§ THE TASK
Retype the data below exactly; skip every image.

§ INFORMATION PROVIDED
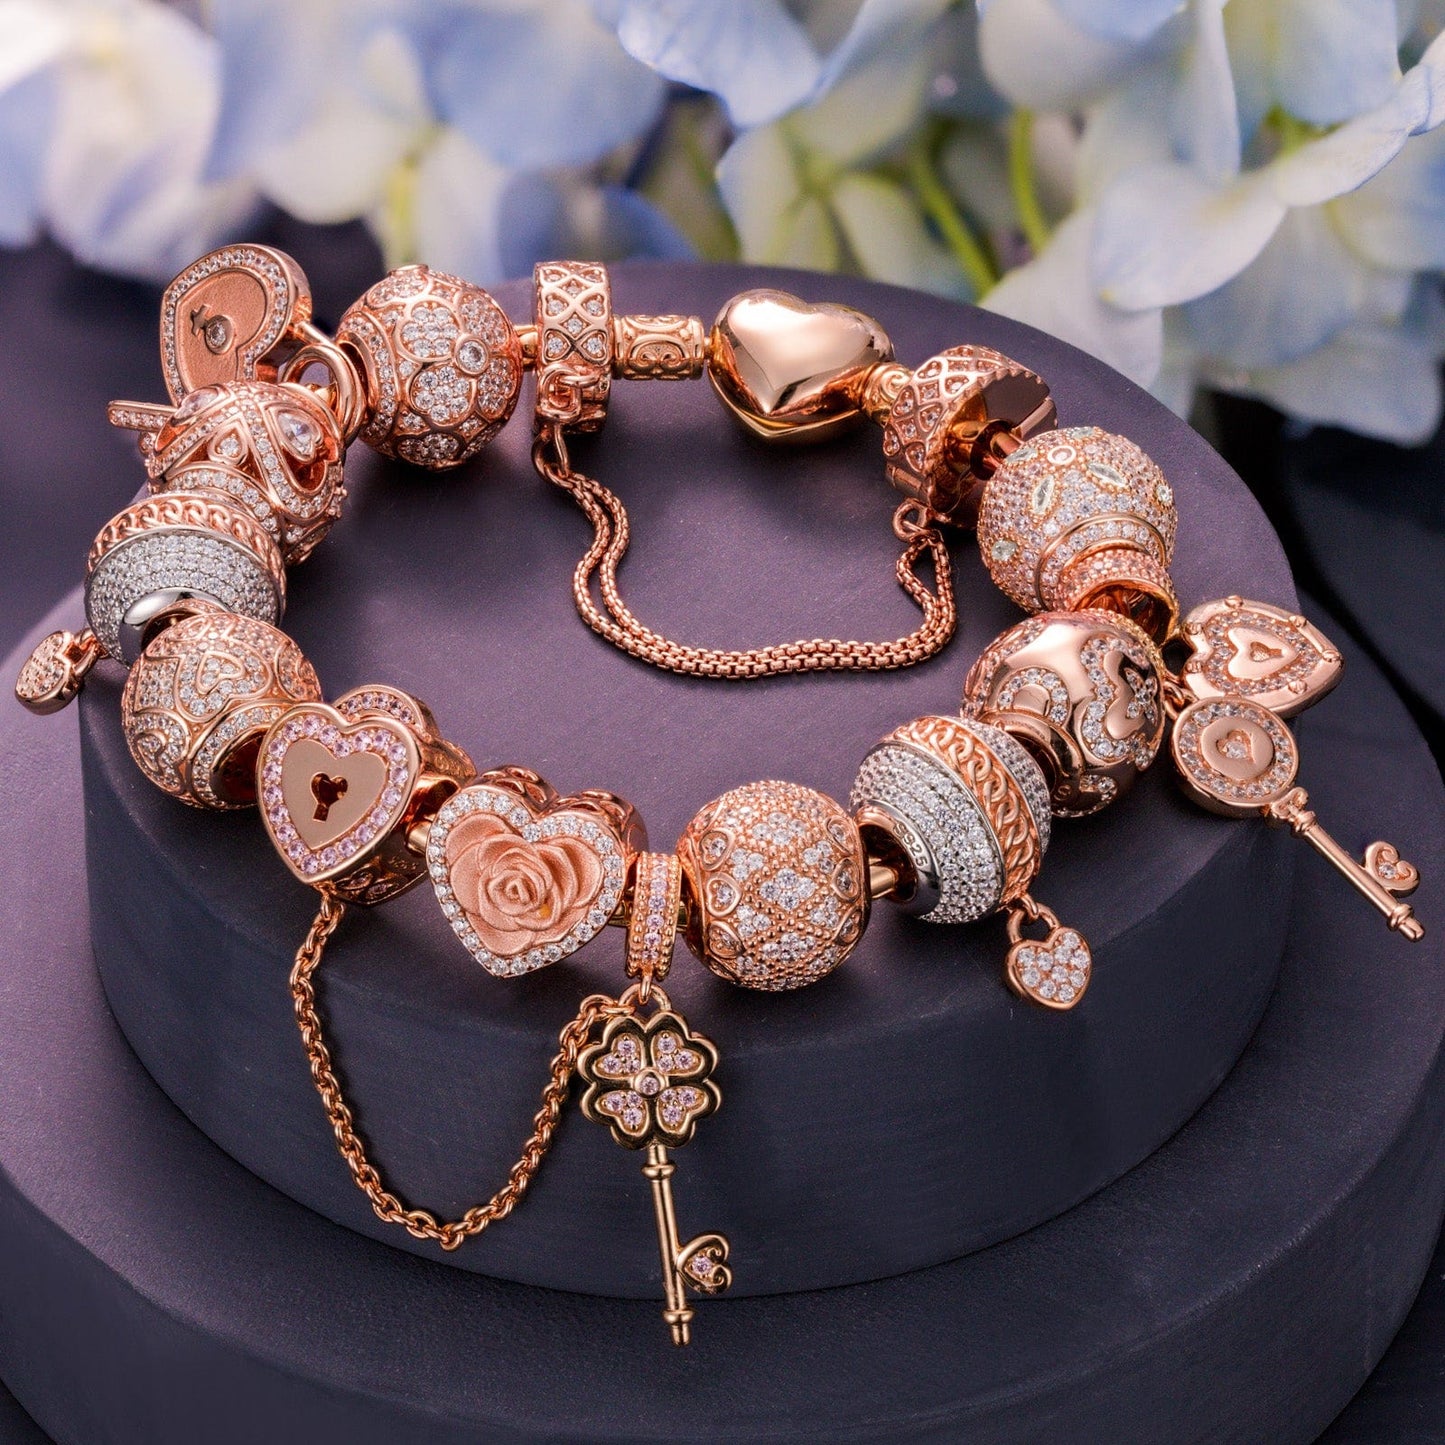 Sterling Silver Rose in the Heart Charms Bracelet Set In Rose Gold Plated
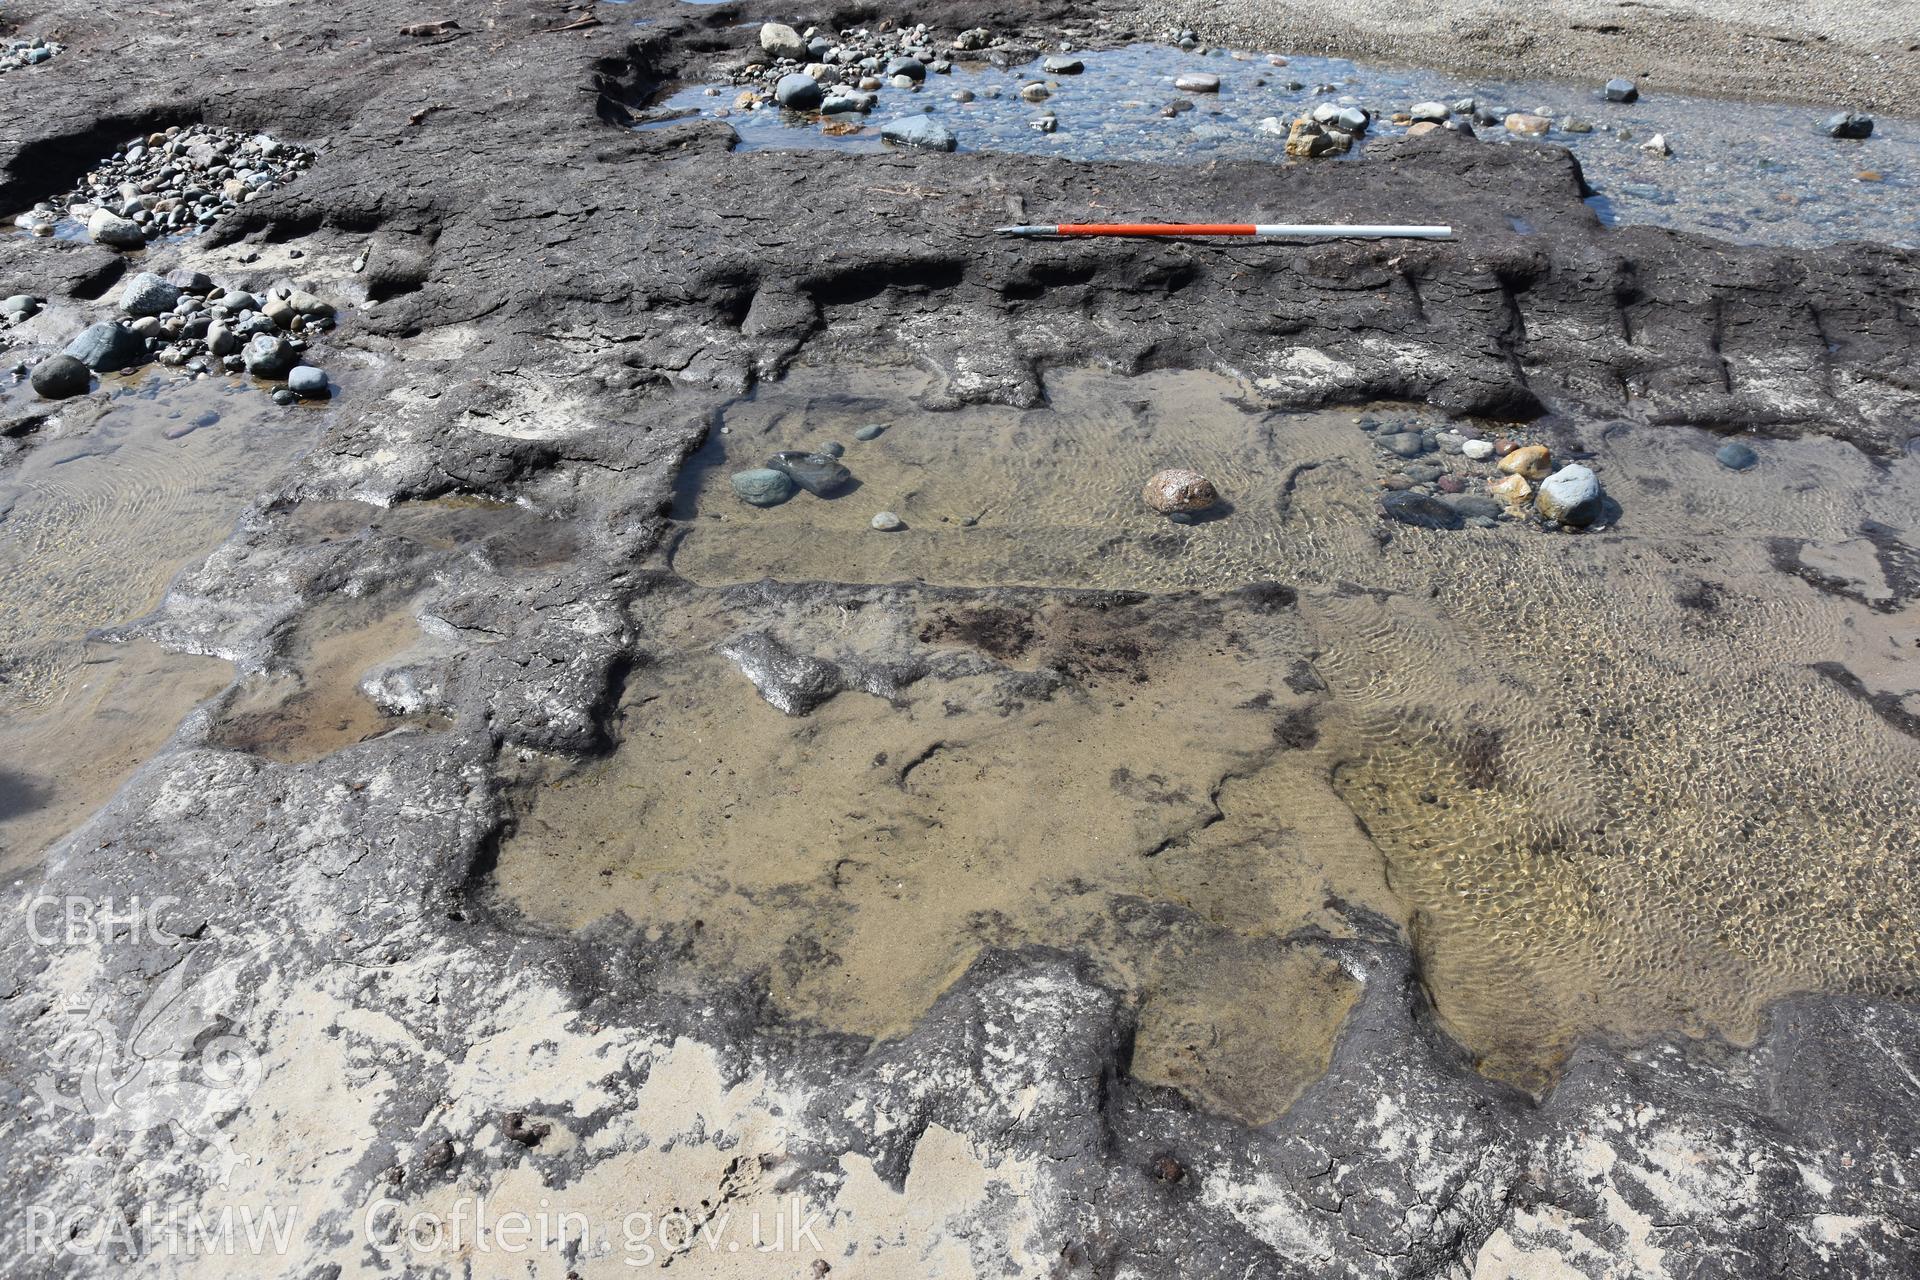 Photography of medieval or post-medieval peat cuttings preserved in the eastern part of the peats on The Warren beach, Abersoch. Recorded with GNSS and photogrammetry for the CHERISH Project. ? Crown: CHERISH PROJECT 2018. Produced with EU funds through the Ireland Wales Co-operation Programme 2014-2020. All material made freely available through the Open Government Licence.
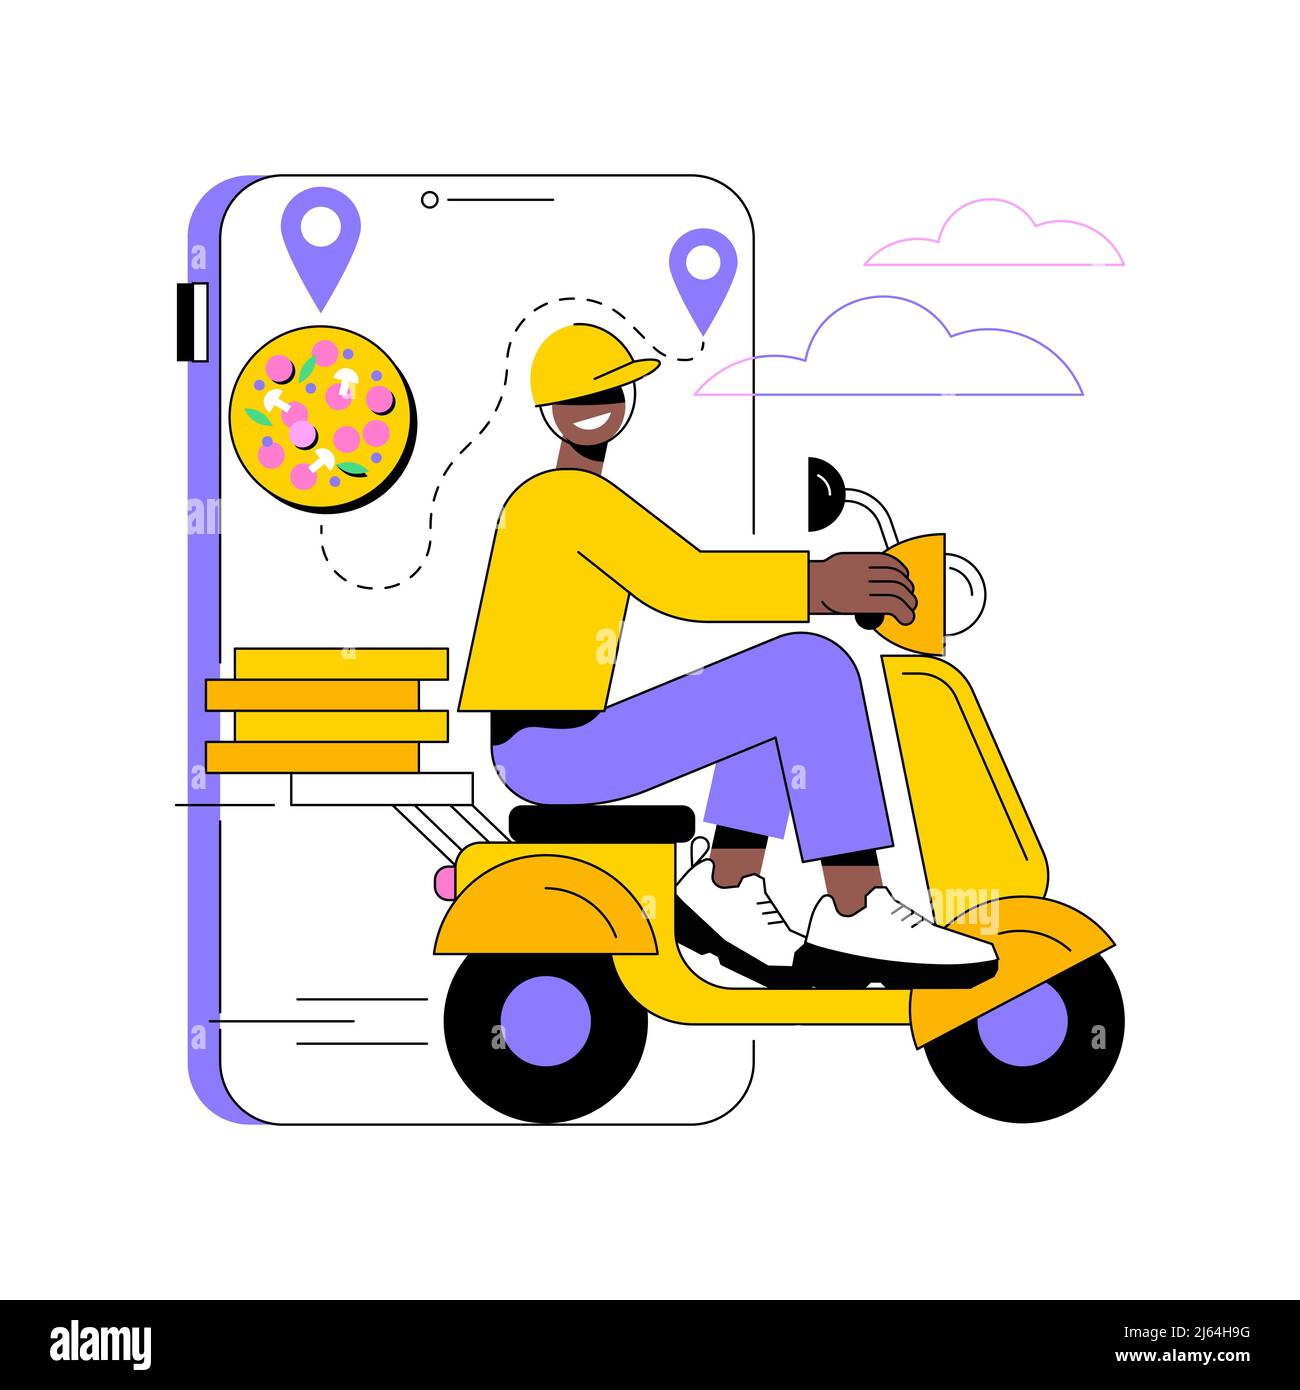 Food delivery service abstract concept vector illustration. Online food order, 24 for 7 service, pizza and sushi online menu, payment options, no-contact delivery, download app abstract metaphor. Stock Vector

§ ANSWER FOR THE TASK
 Sterling Silver Rose in the Heart Charms Bracelet Set In Rose Gold Plated
 Photography of medieval or post-medieval peat cuttings preserved in the eastern part of the peats on The Warren beach, Abersoch. Recorded with GNSS and photogrammetry for the CHERISH Project. ? Crown: CHERISH PROJECT 2018. Produced with EU funds through the Ireland Wales Co-operation Programme 2014-2020. All material made freely available through the Open Government Licence.
 Food delivery service abstract concept vector illustration. Online food order, 24 for 7 service, pizza and sushi online menu, payment options, no-contact delivery, download app abstract metaphor. Stock Vector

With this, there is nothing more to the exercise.